Two electrostatic point charges of +60.0 μC and +57.0 μC exert a repulsive force on each other of 161 N.
What is the distance between the two charges? The value of the Coulomb constant is 8.98755 × 109 N · m2/C2.
Answer in units of m.
To find the distance between the two charges, we can use Coulomb's Law, which states that the force between two charged objects is directly proportional to the product of their charges and inversely proportional to the square of the distance between them. We can use the formula:
F = k * (|q1| * |q2|) / r^2
Where:
F is the force between the charges (given as 161 N)

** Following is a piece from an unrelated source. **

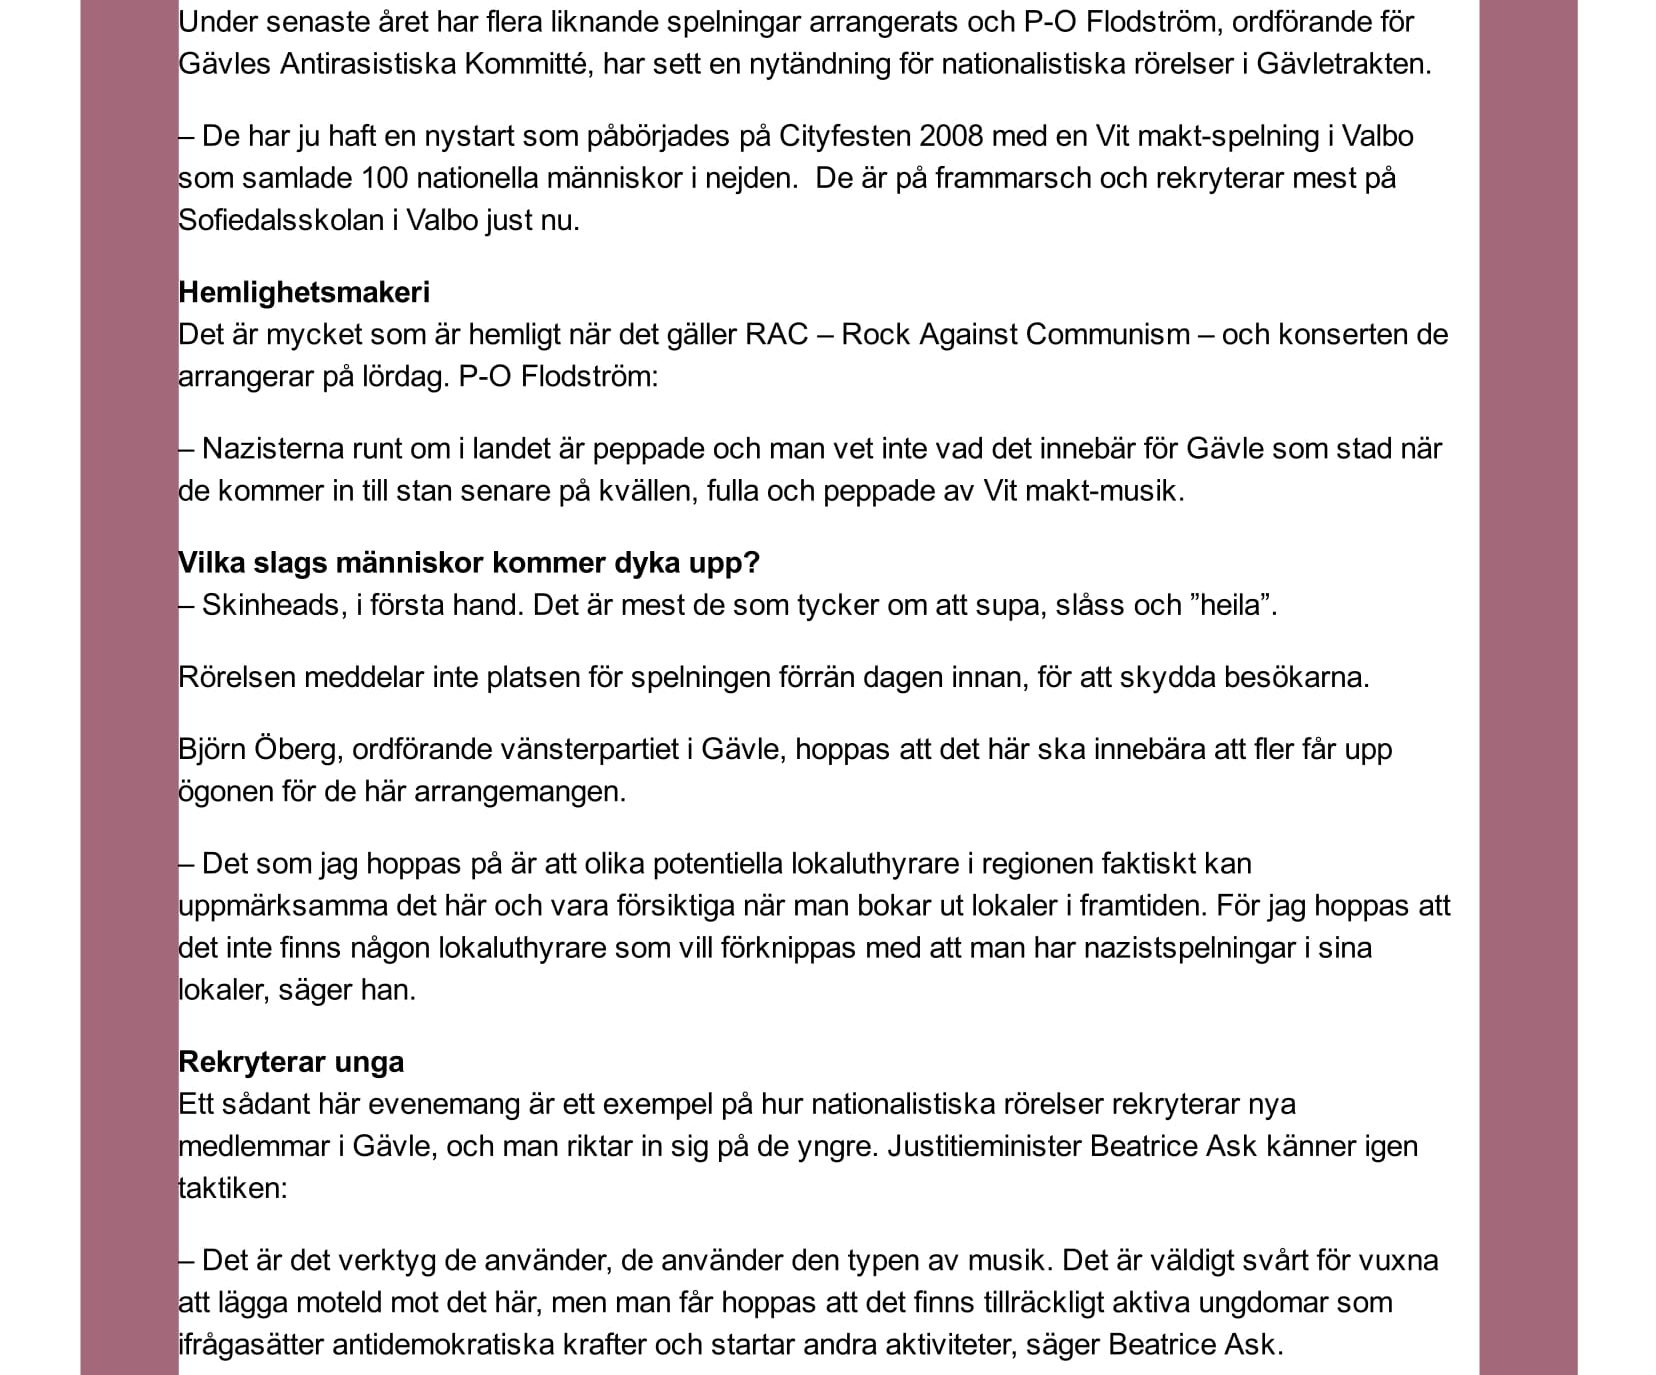 vit-makt-konsert-i-gavle-p4-gavleborg-_-sveriges-radio-2

k is Coulomb's constant (8.98755 × 10^9 N · m^2/C^2)
|q1| and |q2| are the magnitudes of the charges (+60.0 μC and +57.0 μC, respectively)
r is the distance between the charges (what we want to find)
Rearranging the equation to solve for r:
r^2 = k * (|q1| * |q2|) / F
Substituting the given values:
r^2 = (8.98755 × 10^9 N · m^2/C^2) * (60.0 × 10^-6 C) * (57.0 × 10^-6 C) / 161 N
r^2 ≈ 2.5384 × 10^-2 m^2
Taking the square root of both sides:
r ≈ √(2.5384 × 10^-2 m^2)
r ≈ 0.1593 m
Therefore, the distance between the two charges is approximately 0.1593 meters.